Environmental influence on life-history traits: growth, survival, and fecundity in Black Brant
Ecology, Dec, 1995 by James S. Sedinger, Paul L. Flint, Mark S. Lindberg
A positive correlation between juvenile size and survival as well as between adult body size and reproductive investment has been observed in large-bodied mammals (Clutton-Brock et al. 1988). Increased investment by large-bodied mammals may either be expressed as increased fecundity or breeding frequency (Gaillard et al. 1992, Cameron et al. 1993) or increased investment in individual offspring (Clutton-Brock et al. 1988, Kojola 1993). We expect the relationship between body size and reproductive investment to be strongest in large birds and mammals that rely at least partially on nutrient reserves for breeding.
Evolution of life history traits
Numerous studies have detected significant positive heritabilities for life history traits of birds, including body size, egg size, and clutch size (reviewed in Boag and VanNoordwijk 1987, Lessels et al. 1989). James (1983) and Rhymer (1992) showed substantial geographic variation in environmental effects related to growth and clutch size. These studies call into question the ability of fostering studies at the local scale to control for environmental effects completely. Larsson and Forslund (1991) observed substantial variation in growth rate and final adult size for goslings of Barnacle Geese reared on areas only 7 km apart.
Hatch date is an important determinant of gosling size in late summer, not only because earlier hatching goslings are older, but also because earlier hatching goslings grow more rapidly than those hatching later (Sedinger and Flint 1991, Cooch et al. 1991a). A negative correlation between fledging size and hatch date also occurred in small passerines with altricial young (Alatalo and Lundberg 1986, Price 1991), which was attributed to declining food abundance later in the breeding season. In passerines, however, adult size was not negatively correlated with their breeding date (Alatalo and Lundberg 1986, Price 1991); hatch date did not, therefore, contribute substantially to common environment effects in heritability estimates. In geese, however, smaller females tended to nest later (Cooch et al. 1991). Because body size in late summer in turn influences other traits, such as adult body size and clutch size, and mothers and daughters have similar nesting dates (Findlay and Cooke 1982), our data suggest that hatch date is an important component of common environment that must be controlled for to avoid overestimating heritability of life history traits in geese. This may be especially true for clutch size in geese, which is relatively weakly heritable in these birds (Findlay and Cooke 1987).

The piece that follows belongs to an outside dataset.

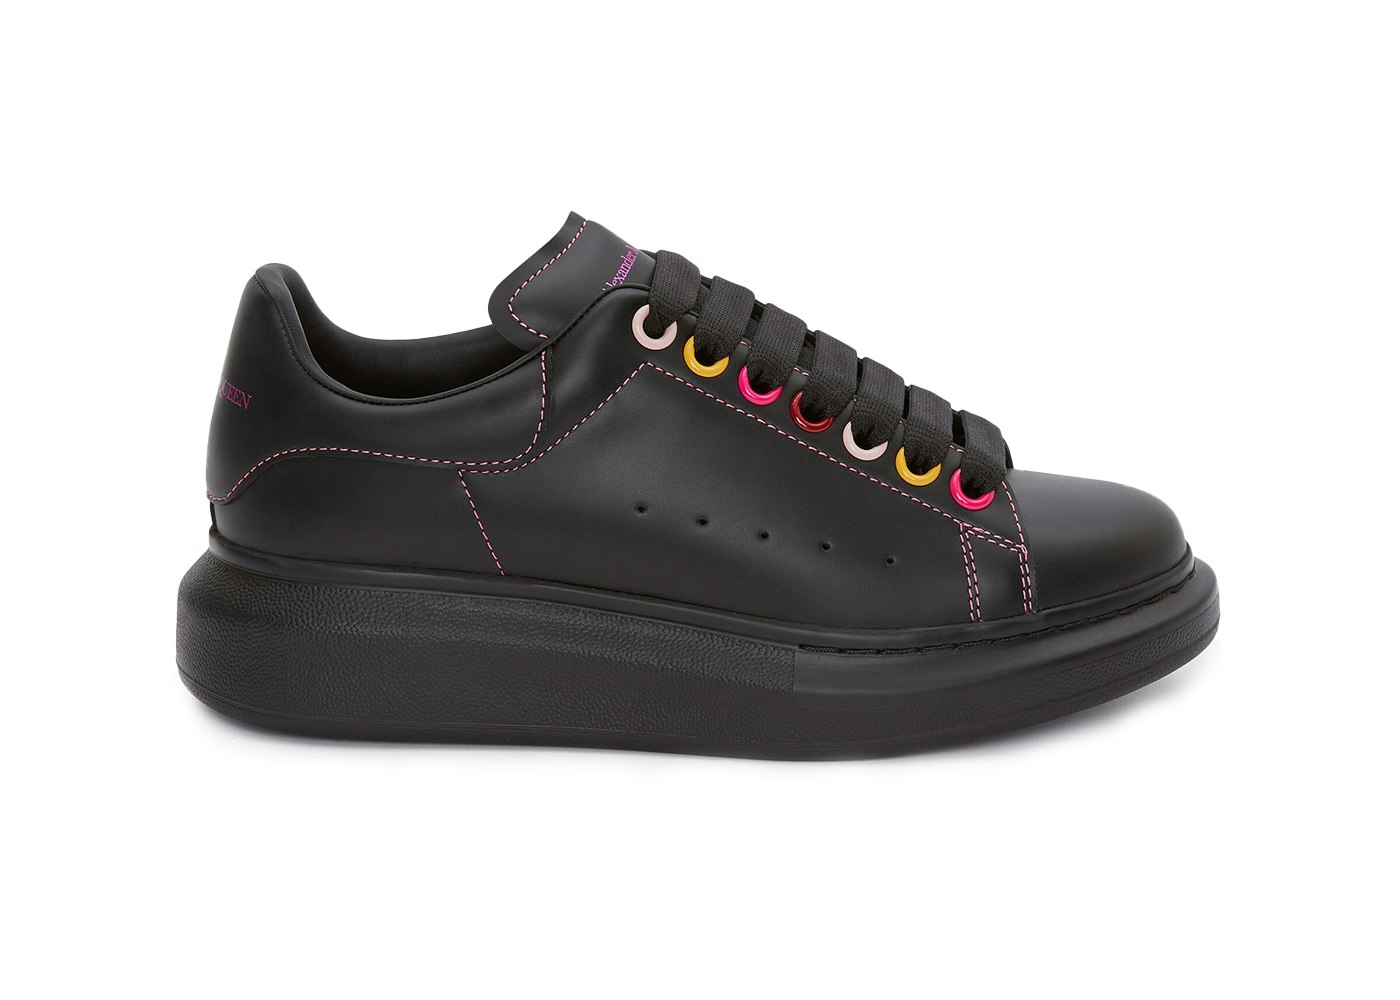 Alexander McQUEEN Oversized Sneaker White Smooth Calf Leather Multicolor  Eyelets Rainbow Laces - Chanz Sneakers

Larger goslings survived at a higher rate and were larger and more fecund as adults. These fitness advantages accruing to goslings that were larger at fledging, combined with seasonal declines in growth rate (Sedinger and Flint 1991, Cooch et al. 1991a) and the shorter growing season available to later-hatching goslings should favor the earliest possible nesting by Arctic breeding geese. Most populations of geese nest as early as secure nest sites become available (Barry 1962, Ryder 1972, Eisenhauer and Kirkpatrick 1977), and in some colonial species thousands of nests are initiated within a 10-d period (e.g., Findlay and Cooke 1982). Substantial variation in fitness is associated with this apparently minor variation in nesting date, and it is therefore necessary to explain the remaining variation in breeding dates of geese.